Having a bike made by hand is a process and not a straightforward transaction like picking up something off the shelf or online. It is labour intensive craftsmanship and might well take two months to complete a frame from start to finish, with the necessary fittings to achieve that Goldilocks moment. Time scales are irrelevant while every idiosyncrasy of the individual’s proportions are considered and expertly built into your new order. Like a pair of bespoke shoes or the enshrined pedigree of Savile Row suit, the synergies with custom frame building couldn’t be more similar. It’s a pure indulgence of passion for the cyclist to attain that illusive hand in glove feeling in the form of brazed steel and Winston Vaz is an elder statesman in this vocation.

In spite of the demise of this once incredible industry, cyclists in the know, who appreciate quality, preciseness and the beauty of having something made by hand, are still knocking on the big black doors of Winston’s workshop. The enduring reputation of Roberts frames amongst the UK’s cycling fraternity, still holds an awful lot of sway and Winston Vaz was their master frame builder for 28 years, up until the company closed in 2014. A couple of years before Roberts cycles closed down, he had decided to join his brother Mario and go it alone, making hand built frames under his own name from the workshop in Herne Hill. He chose the name Varohna for his company, that combined the two surnames of his Goan parents: Vaz and Narohna.

“I still get a select few clients coming through the door who still have a reverence for lightweight steel, road and touring frames made by hand, there will always be a market for things made by hand and made well”. His clients include cyclists who have graduated their cycling experience and progressively bought better quality frames, to people with deeper pockets who will order a hand made frame from Reynolds 953 stainless steel. Winston regularly ships his frames internationally to clients who seek him out. This incredibly modest man is renowned, globally. His brother Mario, who is also one of the most respected frame sprayers in the country, is still part of the process and his spray shop is sprawled out on the top floor of the building and is an extension of the beauty that is downstairs.

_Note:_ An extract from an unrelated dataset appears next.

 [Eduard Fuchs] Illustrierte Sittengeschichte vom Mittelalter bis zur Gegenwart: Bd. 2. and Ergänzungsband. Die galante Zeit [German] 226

On my tour of the US, whilst sitting in a particularly deserted diner in small town called Craigmont in the depths of Idaho, an elderly gentleman approached me after hearing my accent and seeing my bike parked outside and introduced himself. He then proudly informed that he had recently purchased an old custom Holdsworth frame. “I’ve always just loved British steel bicycle manufacturing because of its renowned quality and heritage” he explained. When I told him I lived near where the Holdsworth factory had been in south London, he couldn’t believe what he was hearing. When I told him I knew the person whose hands had probably built his new pride and joy, he stared at me open mouthed for what seemed like a minute.

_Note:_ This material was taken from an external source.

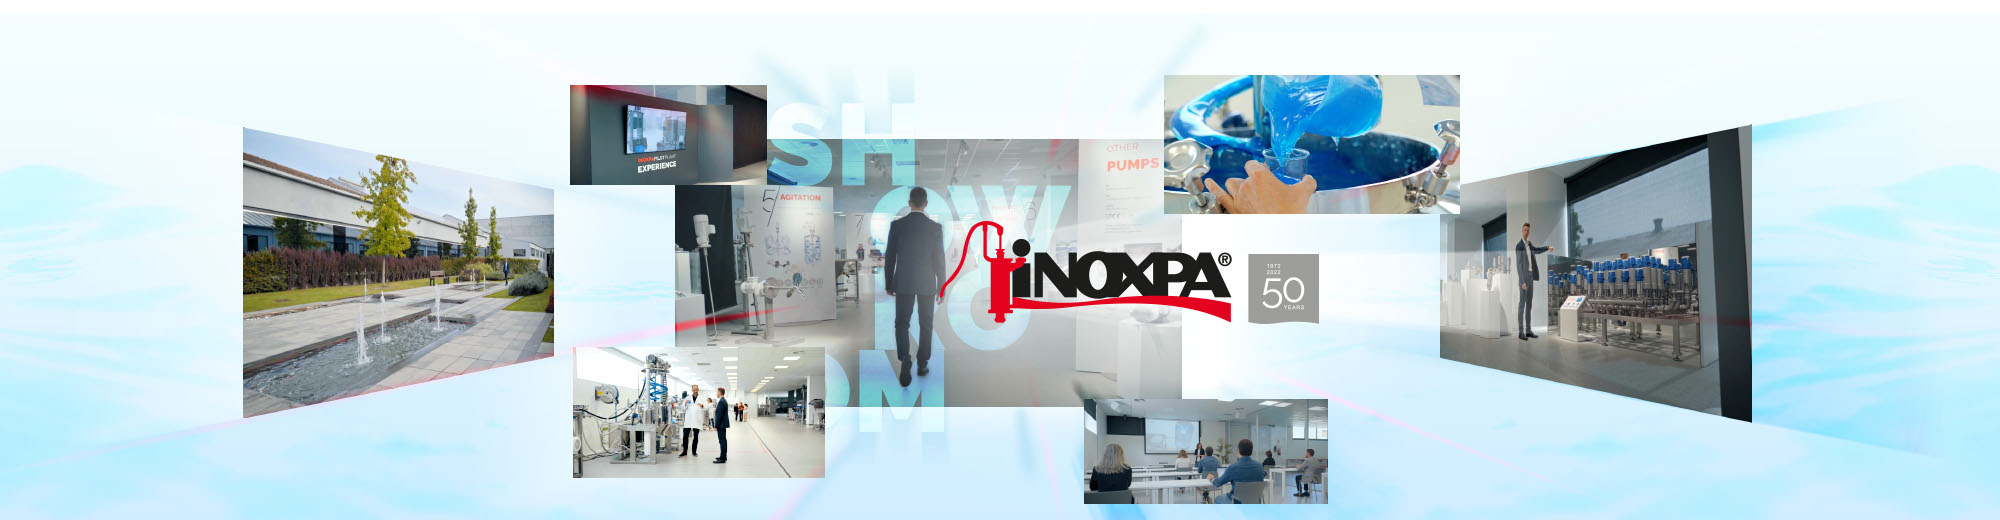 INOXPA EXPERIENCE

British bike buildings appeal and legacy, still has a far-reaching audience. We can only hope that people with the skills and pedigree of Winston Vaz are still plying their wonderful skills in years to come and sharing that knowledge. It would truly be a shame for this fine land to become void of individuals like Winston and the artistry for which he is famed for. He is truly an artisan with few to rival his abilities and expertise. But what would be most unfortunate, is if I was the last person to share such a beautiful story and make the day of an elderly gentleman, in a rundown restaurant, in a far-flung corner of north west America who had a deep affection and love for all things made incredibly well in the United Kingdom.